# Possible catch can setup



## mercavius (May 16, 2002)

First, let me say that I searched for a while but found could only find detailed catch can DIYs for 180hp 1.8Ts. I'm looking for info regarding the 225TT specifically.

The block breather is hooked to a couple of check valves under the intake manifold which are then connected to two vacuum ports on the intake manifold (one is centered underneath the manifold and the other is on the passenger end of the manifold next to the brake booster port). Can I delete all of these lines/valves and simply run a hose from the crank breather to a T fitting connected to the valve cover breather and the PCV valve (and hook up a catch can after the PCV valve)? 

I really don't see the point in all of the valves underneath the manifold. It looks like a redundant system.

Also, can I run a vacuum line directly from the intake manifold to the brake booster or will I need an inline valve to prevent positive pressure in the booster?

Maybe I'll post a picture tonight in case this is confusing.


----------



## mercavius (May 16, 2002)

I took another look at this DIY.

http://forums.vwvortex.com/showthread.php?4893472-DIY-Ultimate-SAI-N249-PCV-EVAP-Delete

This is for the 180hp TTs but it looks like I can do what I proposed and get rid of the lines/valves under the intake manifold. Also, I will be leaving the valve that is inline with the brake booster.


----------



## PLAYED TT (Oct 17, 2010)

Thats a better DIY then what I was using. Nice find:thumbup:. It should work fine for you


----------



## mercavius (May 16, 2002)

I thought everyone knew about that DIY. Glad I could shed light on it for those that didn't know.


----------



## Doooglasss (Aug 28, 2009)

Yep you can run the brake booster right off the intake manifold and keep the check valve right by the brake booster. I removed the entire rubber elbow splitter from the passenger side of the 225 intake manifold and connected the hose straight to there.
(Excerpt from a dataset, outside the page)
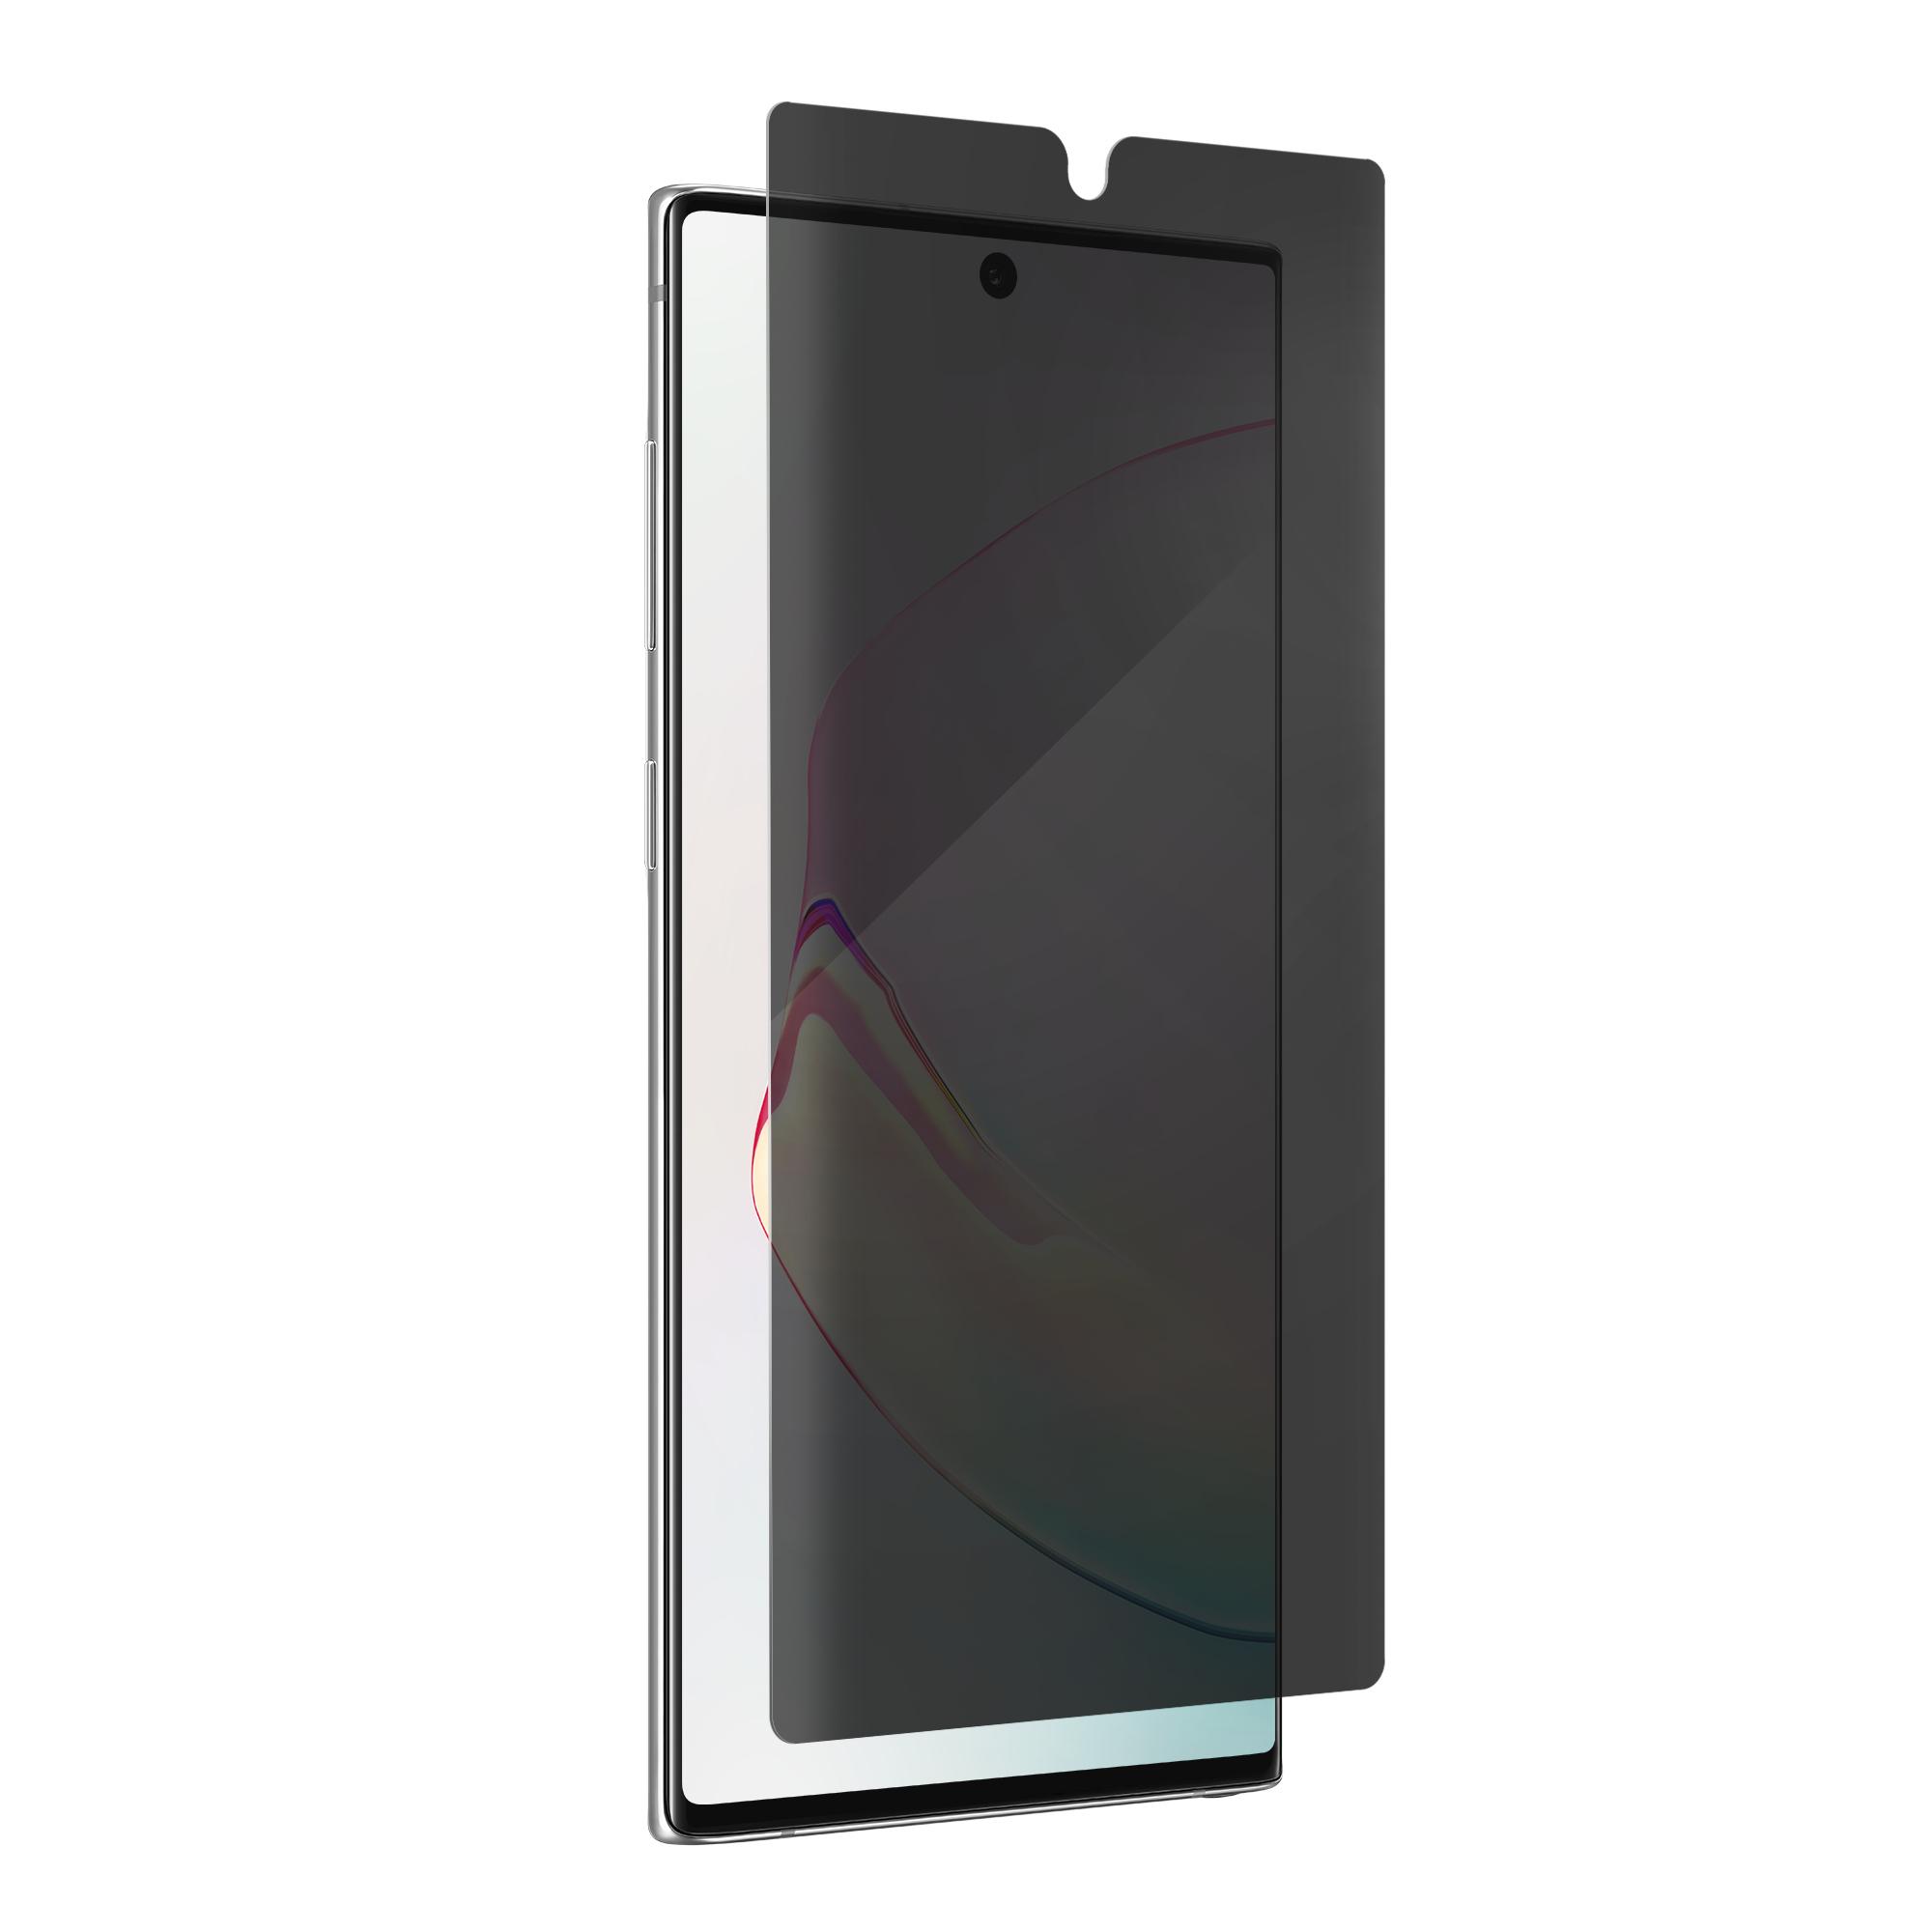 "ZAGG Ultra Privacy Randloze privacyfilter voor schermen 17,3 cm (6.8"")"

You can do a direct vent to atmosphere catch can. I have both the valve cover & oil filter housing going straight to a catch can w/ vented filter. This can get a little smelly inside the car to be honest- I'm going to try to relocate the catch can or plumb my setup through the exhaust with a check valve there.
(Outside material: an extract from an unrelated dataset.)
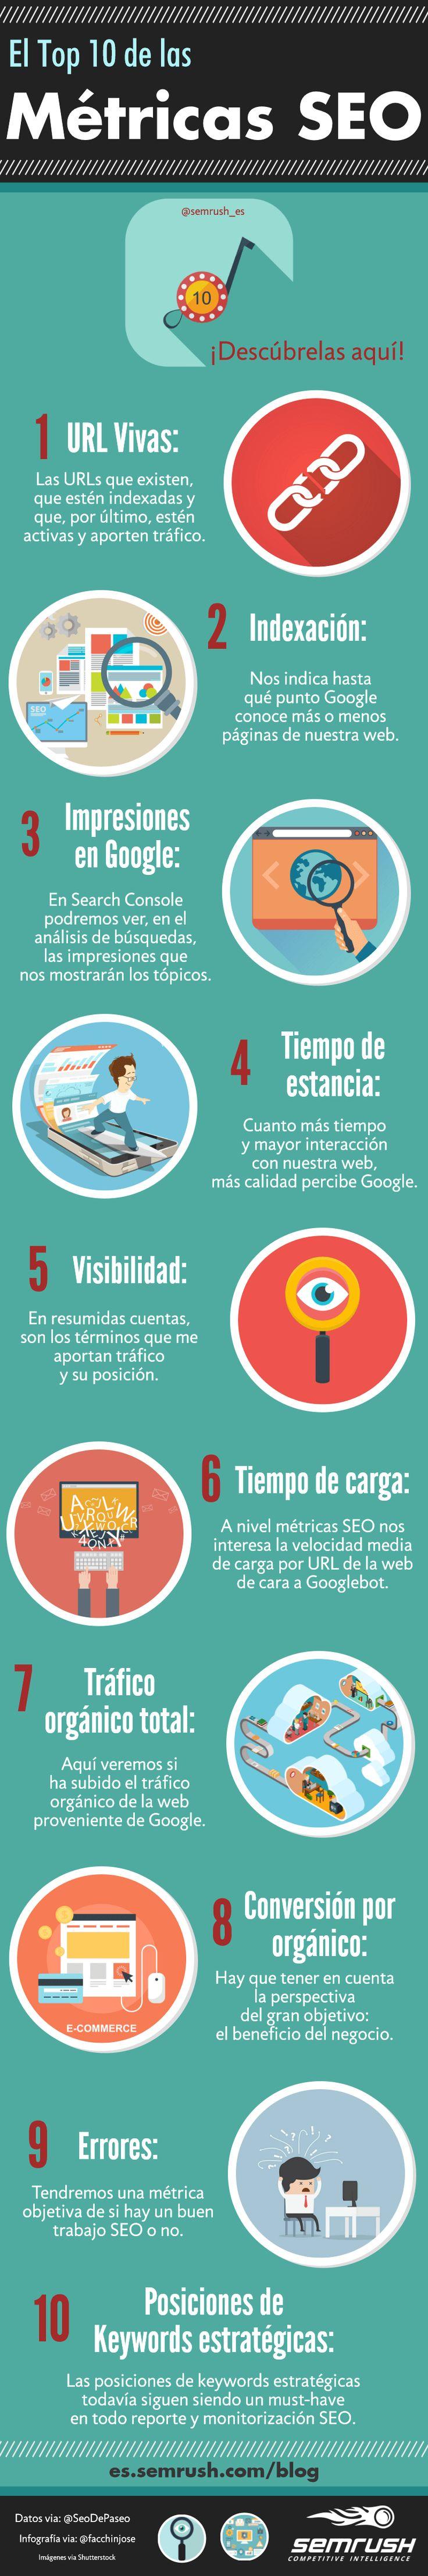 Top 10 métricas SEO #infografia #infographic #seo | TICs y Formación

I've recently learned that the port on the bottom of the intake manifold is a press in fitting. You can grab it with a pair of vice grips and pull it right out. Drill and tap it for an NPT tap and buy a plug at home depot that screws right in.

Cool writeup I read, more theory for us than actual practice: http://www.honda-tech.com/showthread.php?t=1199935


----------



## warranty225cpe (Dec 3, 2008)

IMO catch cans are a waste of time and space in the engine bay. Just run a check valve to your exhaust. BURN IT UP!!:thumbup:


----------



## mercavius (May 16, 2002)

Honestly, I don't understand what Audi was doing with all of the hoses, valves, and fittings under the manifold. It's completely redundant :screwy:. I just janked all that junk out of there and it seems like the full functionality of the PCV system is retained.

I may actually have to replace the PCV. At first I was amazed to see spotless intake runners, intake valves and relatively clean intercooler plumbing until I removed the crossover intercooler pipe and driver side intercooler. Oil POURED out of the intercooler. All of the cleanliness I saw before might have been a rebuild by the PO.


----------



## Doooglasss (Aug 28, 2009)

mercavius said:


> Honestly, I don't understand what Audi was doing with all of the hoses, valves, and fittings under the manifold. It's completely redundant :screwy:. I just janked all that junk out of there and it seems like the full functionality of the PCV system is retained.
> .


Stupid US emissions laws... Back in the day the crank case vent system was just a rubber hose dripping good ol' oil all over American soil (or so I've been told) haha

If you're re-routing back to your intake or intake manifold you're always going to have oil entering the combustion chamber or entire charge pipe system depending on which you have hooked up.


----------



## mercavius (May 16, 2002)

Here are some pictures. Please ignore the low quality... the lighting in my garage isn't the best.

With redundant PCV system.









With PCV lines removed. I will be connecting the valve cover breather and crank case breather with a T fitting and running them to my catch can.









A picture of what was removed.









And finally a picture of the oil in the crossover intercooler pipe. This actually looks like a normal amount but the driver side intercooler poured oil (maybe 3/4 cup).


----------



## warranty225cpe (Dec 3, 2008)

mercavius said:


>


Dude your pictures creep me the Fuk out! So scary to know that garbage is in there.


----------